▶ _AIM OF THE TASK_
When you write out the listing, keep each word exactly as it stands but include none of its images.

▶ _RAW DATA_

* * *

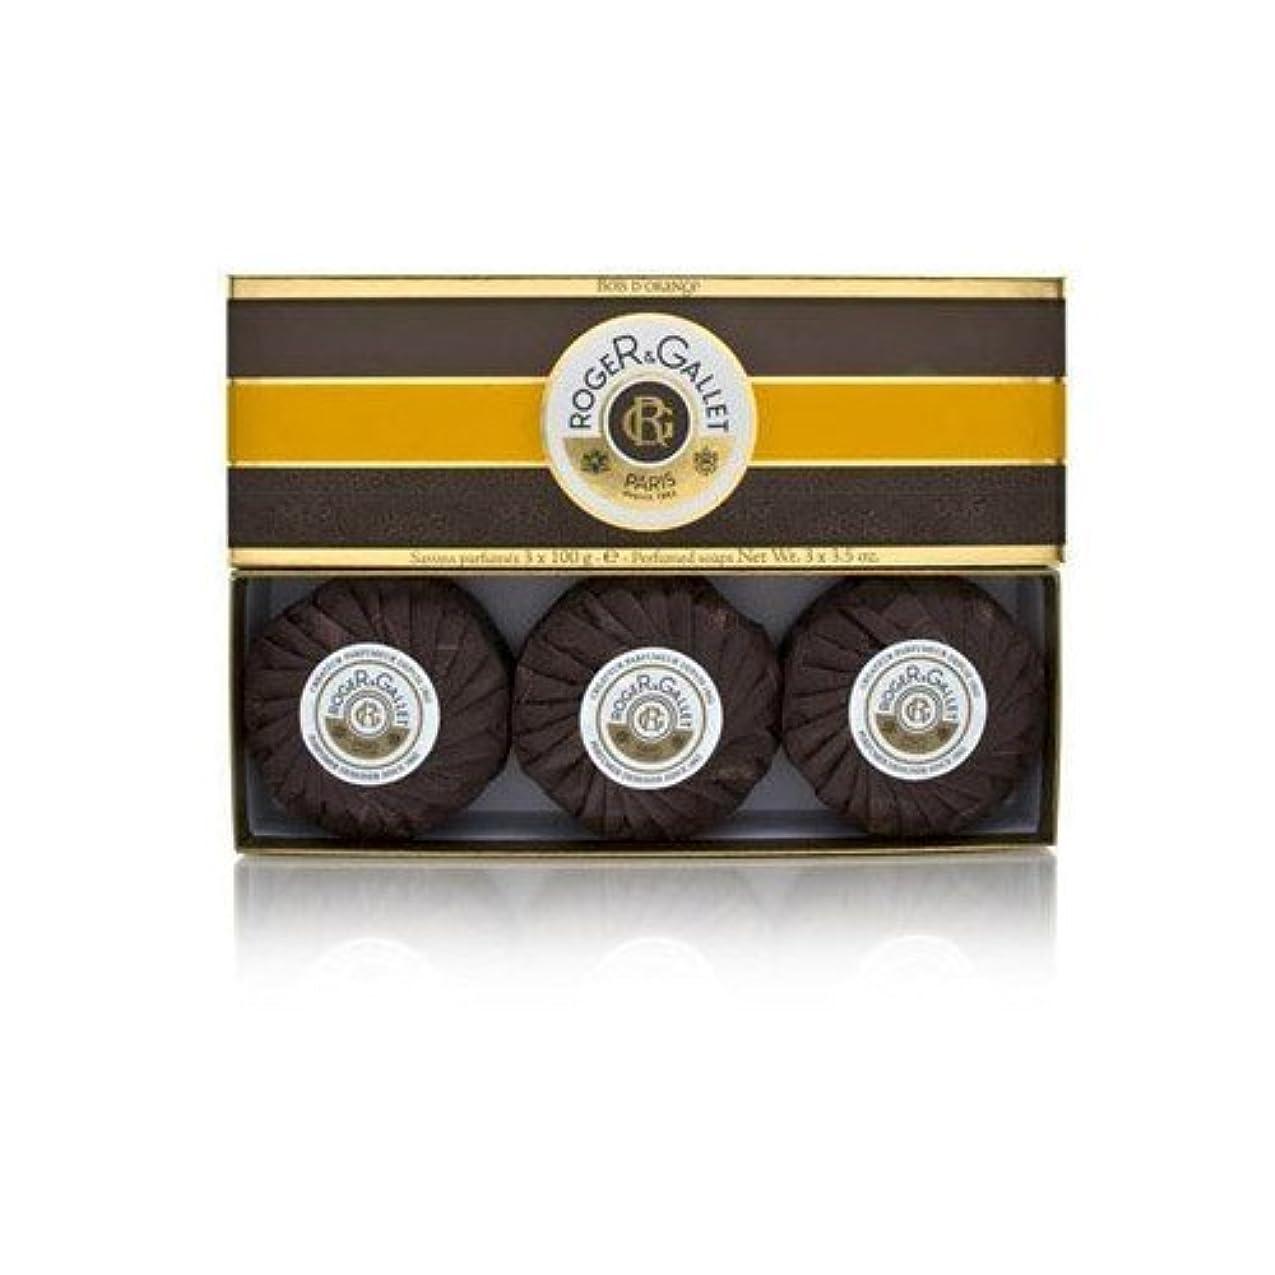 学校教育部分的受け継ぐロジェガレ ボワ ドランジュ (オレンジツリー) 香水石鹸3個セット ROGER&GALLET BOIS D'ORANGE PERFUMED SOAP [0161]
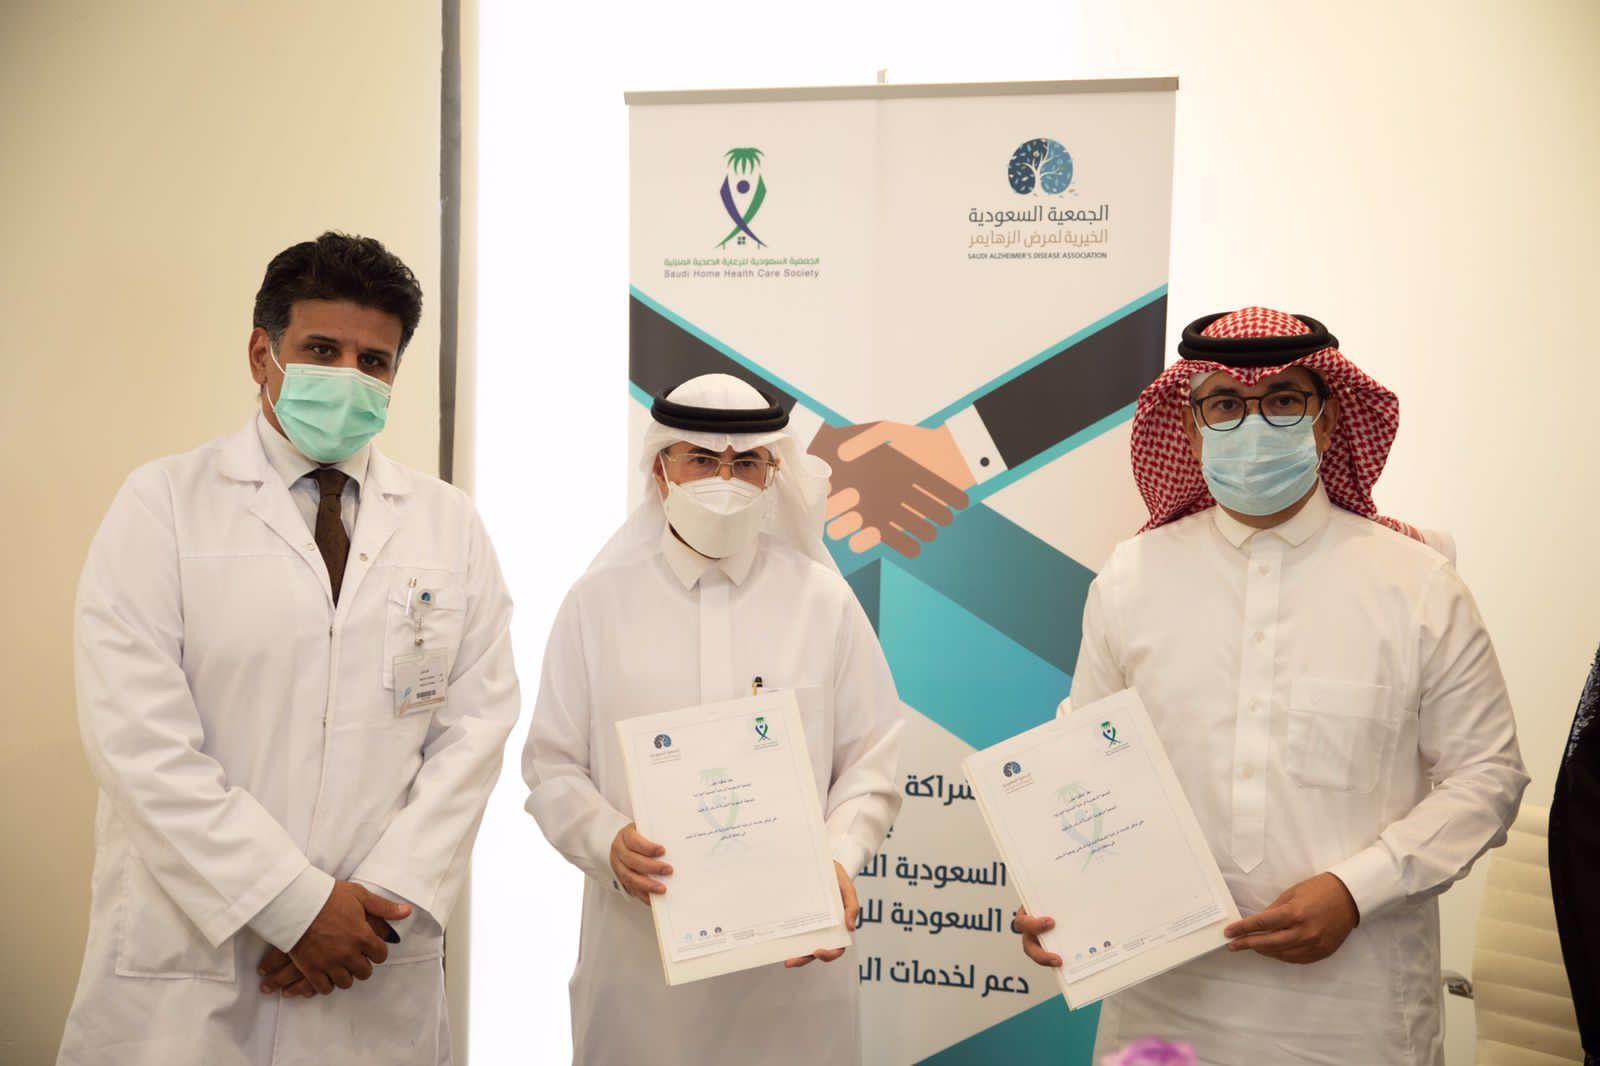 جمعية الزهايمر توقع اتفاقية مع الجمعية السعودية للرعاية الصحية المنزلية
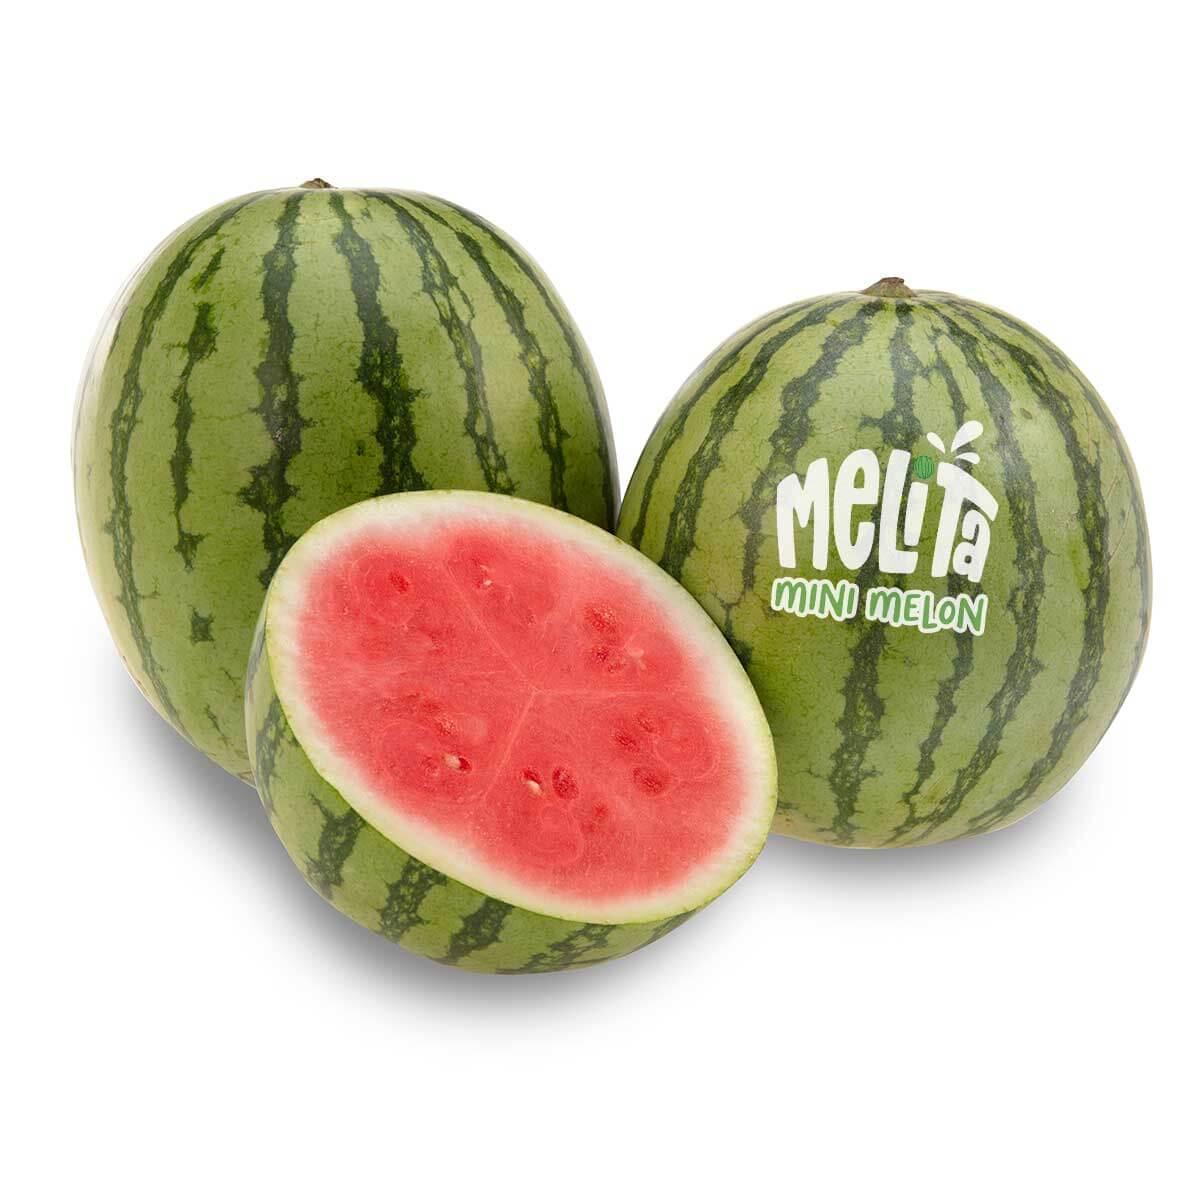 kalfresh-melita-mini-melon

* * *

▶ _RESULT FOR THIS TASK_
 学校教育部分的受け継ぐロジェガレ ボワ ドランジュ (オレンジツリー) 香水石鹸3個セット ROGER&GALLET BOIS D'ORANGE PERFUMED SOAP [0161]
 جمعية الزهايمر توقع اتفاقية مع الجمعية السعودية للرعاية الصحية المنزلية
 kalfresh-melita-mini-melon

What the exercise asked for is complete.